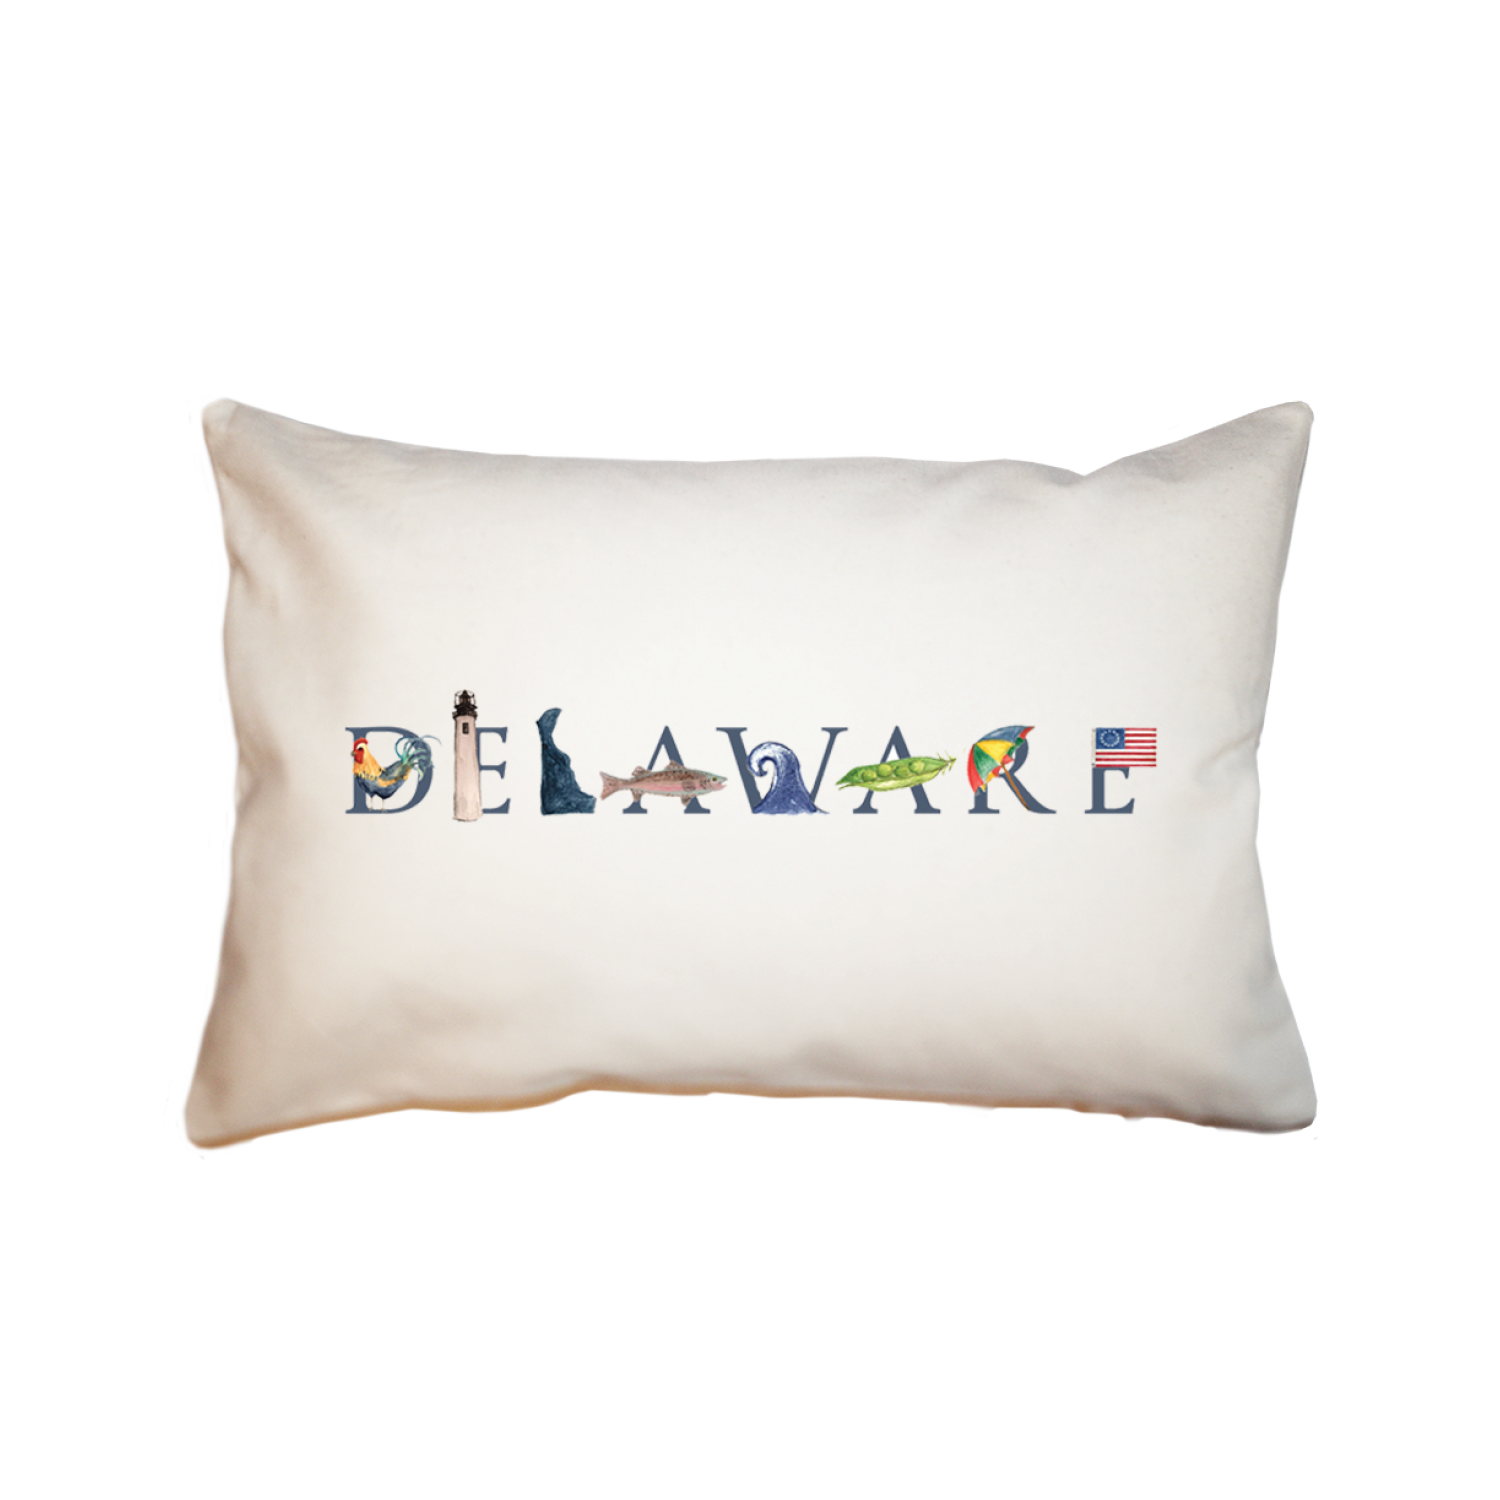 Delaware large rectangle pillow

- - - - - - -

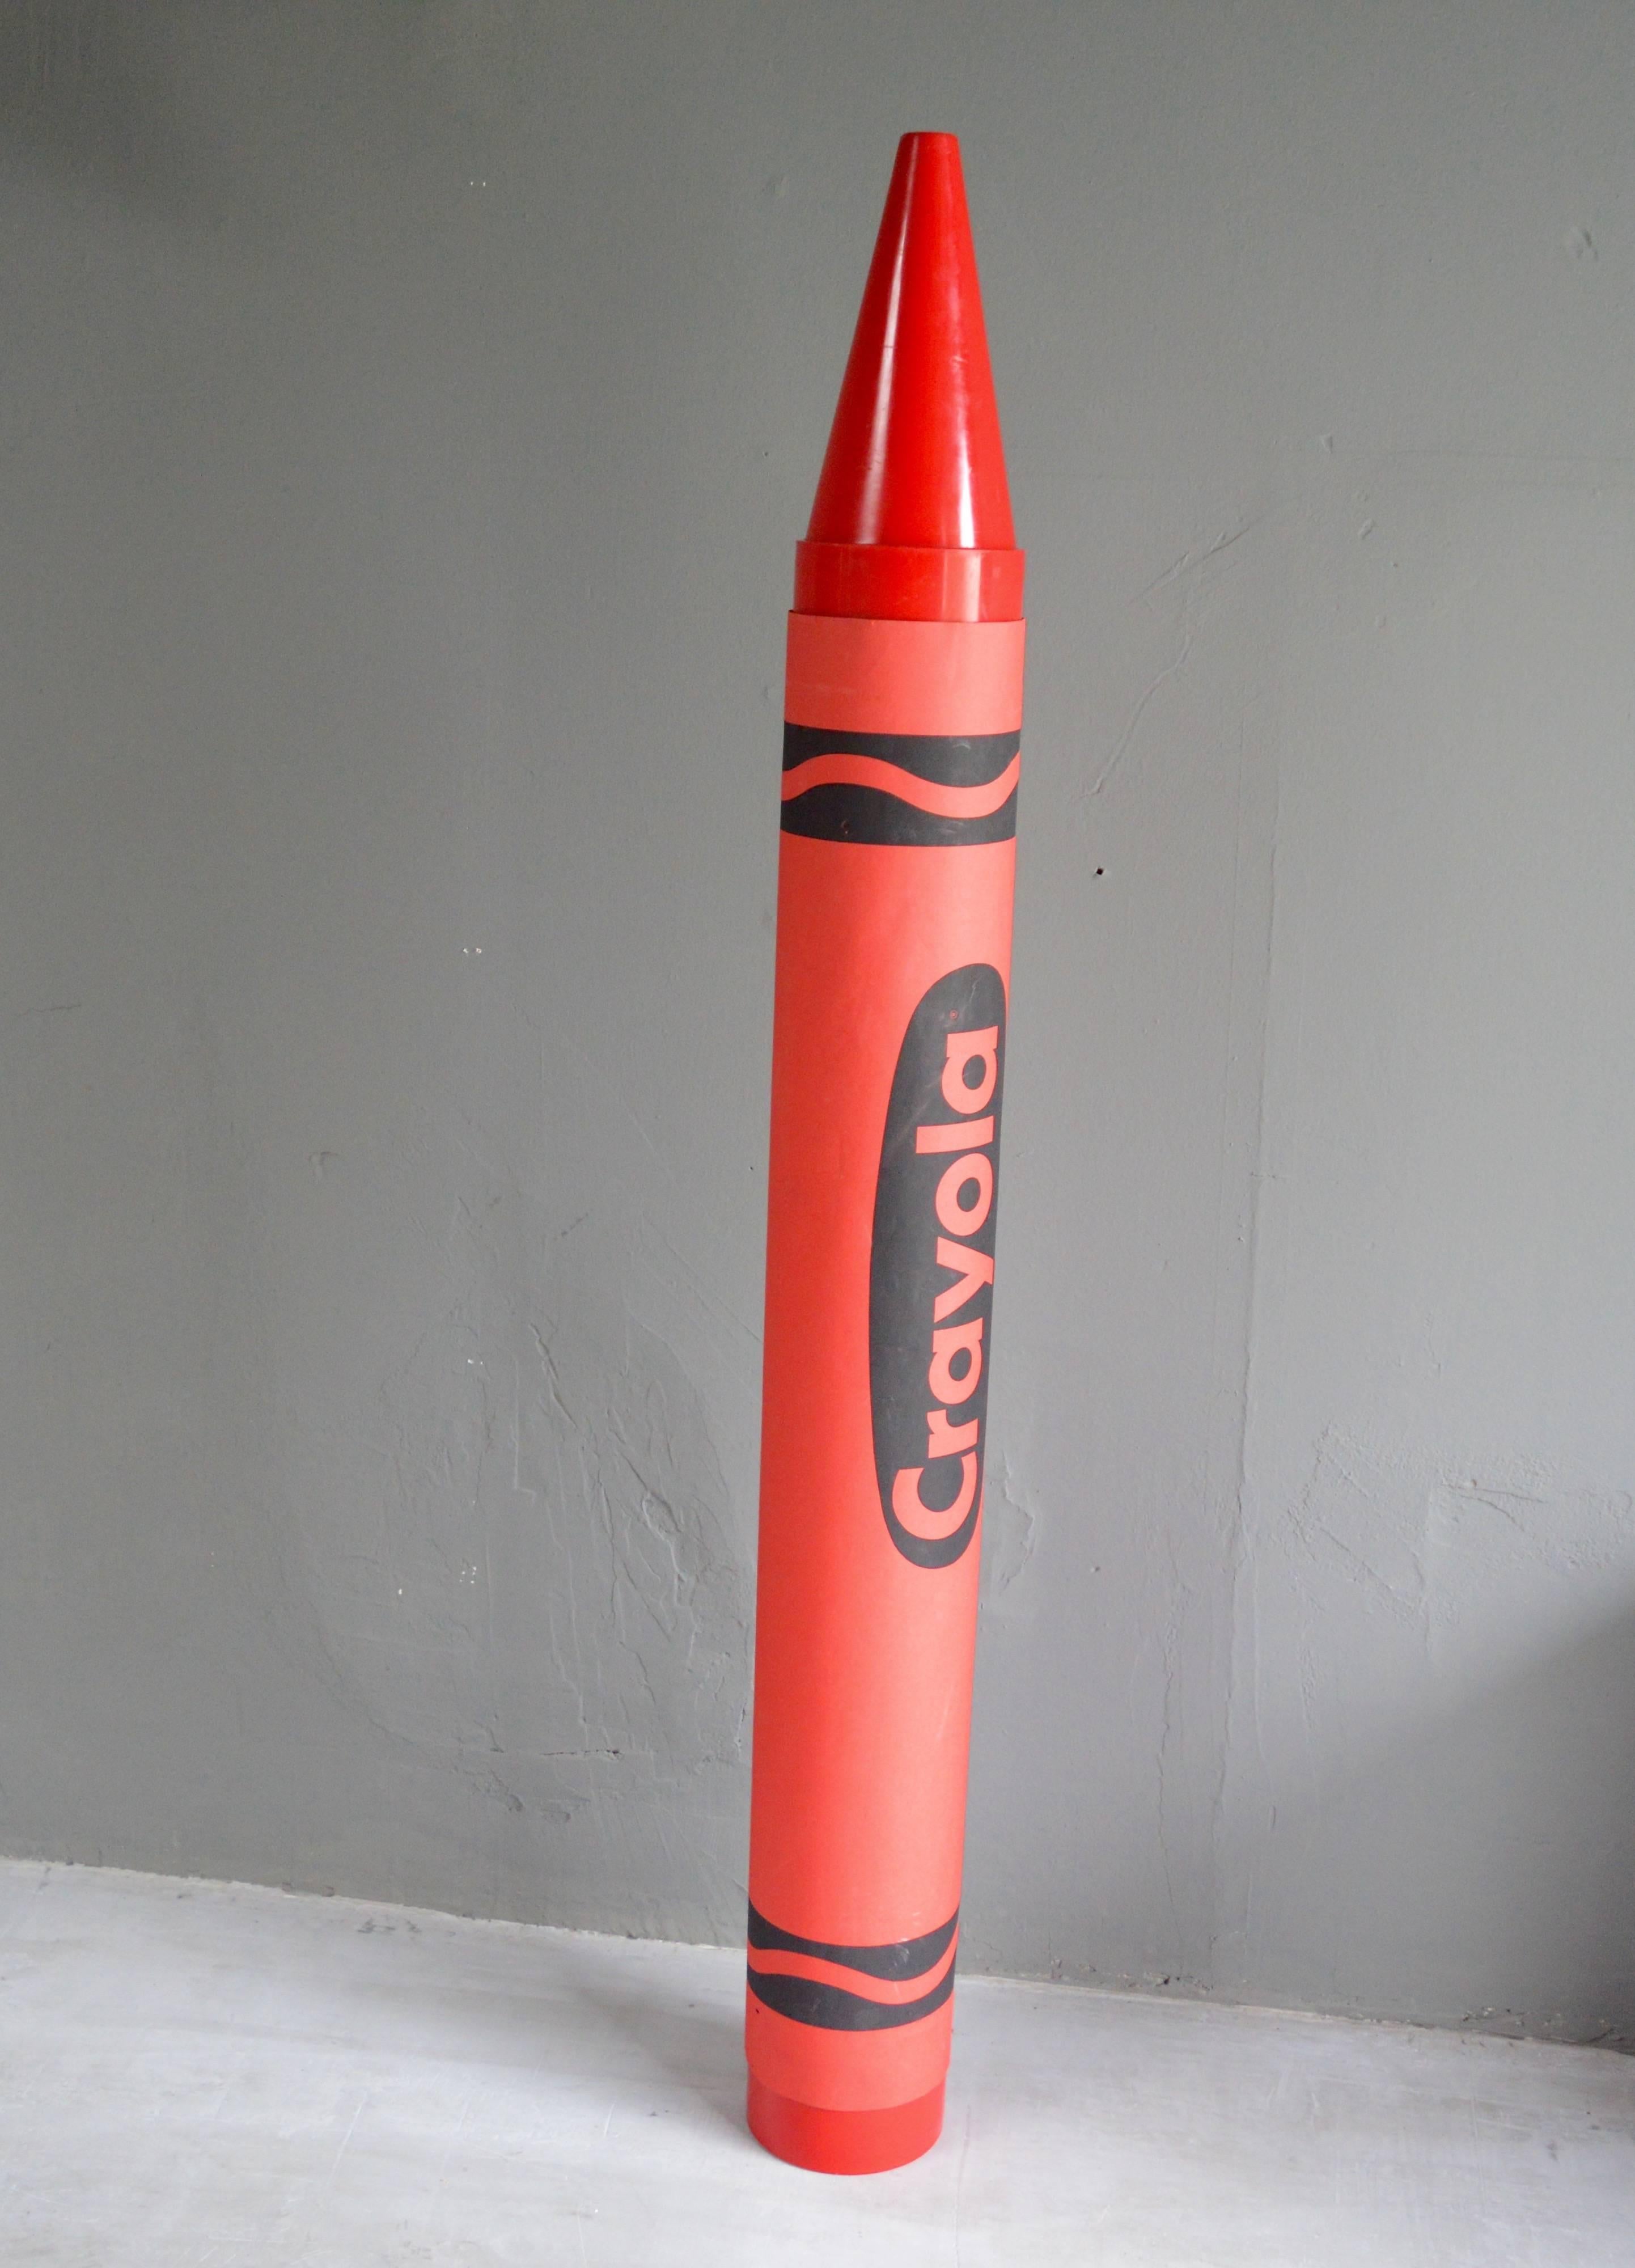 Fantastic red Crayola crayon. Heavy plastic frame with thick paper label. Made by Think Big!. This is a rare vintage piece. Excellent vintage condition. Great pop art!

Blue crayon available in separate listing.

- - - - - - -

Goal of the exercise:
Text only, no pictures: please print exactly the lines above from the line with "Fantastic red Crayola" up to and including the line with "Blue crayon available in separate listing.", and nothing else.

Your solution:
 Fantastic red Crayola crayon. Heavy plastic frame with thick paper label. Made by Think Big!. This is a rare vintage piece. Excellent vintage condition. Great pop art!

Blue crayon available in separate listing.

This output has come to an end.